CIOIT Staff & Team Building

4 Characteristics of High-Performance Fusion Teams

Cross-functional or “fusion” teams have become more and more important to keep up with emerging opportunities. Nine out of 10 IT employees reportedly participate in these teams now, but not all of them are effective. Despite the style now being common, you run a one-in-four chance of things working out as planned. How do you get these teams to hit it home? In an article for InformationWeek, Andrew Horne explains some characteristics of successful fusion teams:

  1. Coaching commitment
  2. Learning mindset
  3. Open disposition
  4. Digital acumen

How to Light the Fusion Team Fuse

The teams that work on digital opportunities rely on learning new skills to move forward. The best ways for team members to learn these skills come from learning from one another, but the current systems in place lean too heavily on individual achievement. This can be further hindered if there’s money involved because an employee may decide it’s not worth the cash. Shift the topic away from individual or monetary rewards and toward emotional rewards, such as giving public recognition of achievements.

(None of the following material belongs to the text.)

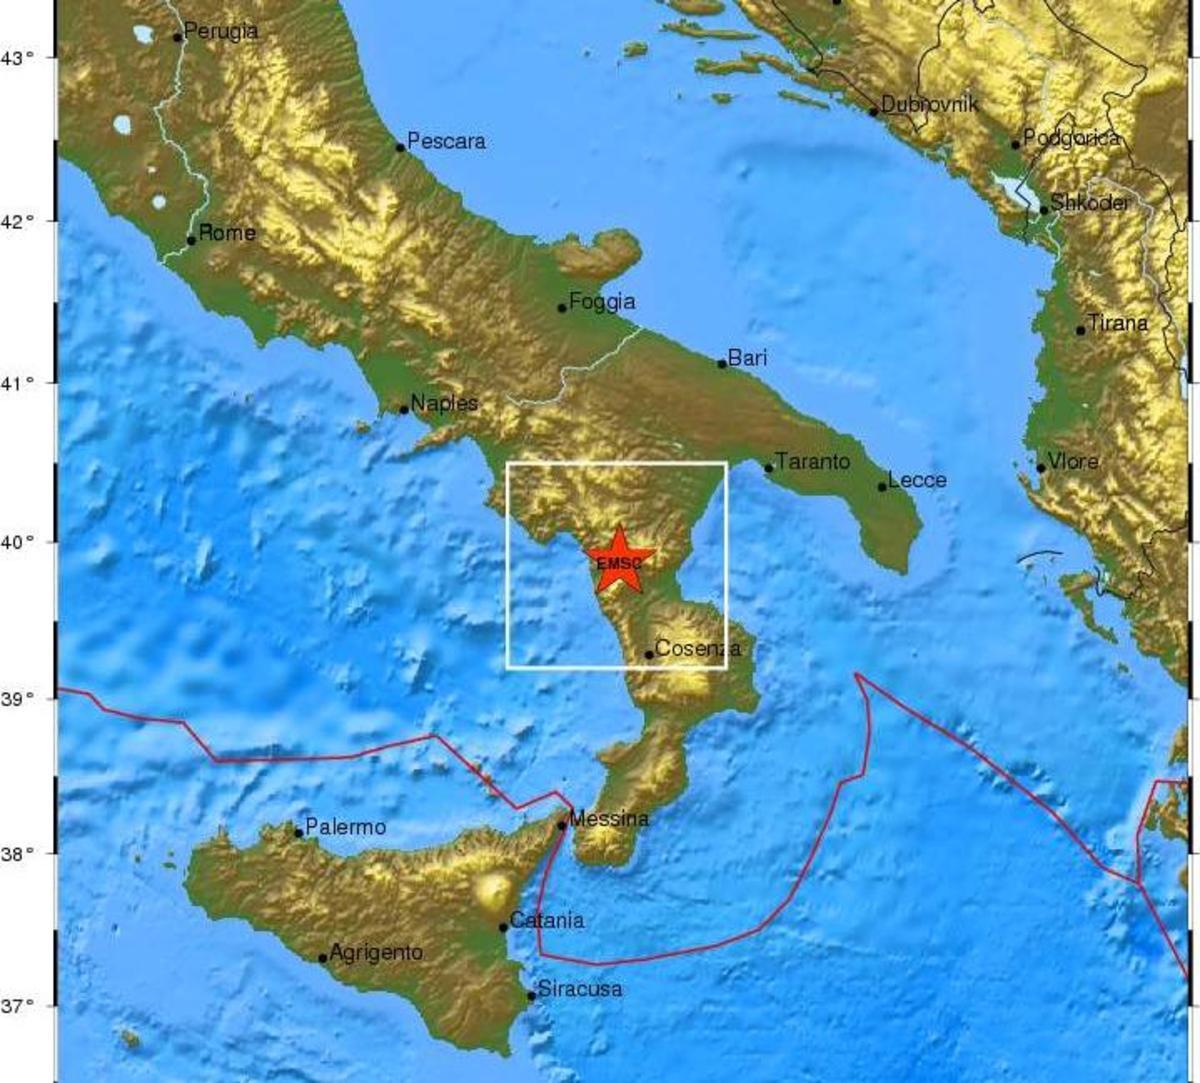 Συναγερμός από το μεγάλο σεισμό στην Ιταλία | Newsit.gr

A shift in mindset also needs to happen if a fusion team is to work. While the new skills and experiences that come from working in a fusion team might seem enticing, 82% of employees believe it will ultimately slow their careers. This means career ladders need to be rethought to incorporate more skill sets and invite more employees to take on different roles at the same hierarchical level.

Horne further mentions that having an open disposition is a good way to deal with those among you who may not be more averse to risk:

To promote a more open disposition, IT leaders must lead by example in their attitudes toward risk taking and learning from failures. The choice of metrics they use on the IT scorecard is also surprisingly important. Organizations that emphasize traditional measures of success such as on time, on budget and operational performance are sending a signal that employees should be risk averse and skeptical about new ways of working. To promote open mindsets, progressive organizations “unbalance” their scorecards and spend disproportionate time talking about measures such as speed to market, business impact and talent development.

On top of all this, Horne says that members of fusion teams need to know how important digitalization is to their company. Make digitization competency a requirement for hire and link digitization to the company’s objectives to make its presence more prevalent in the business.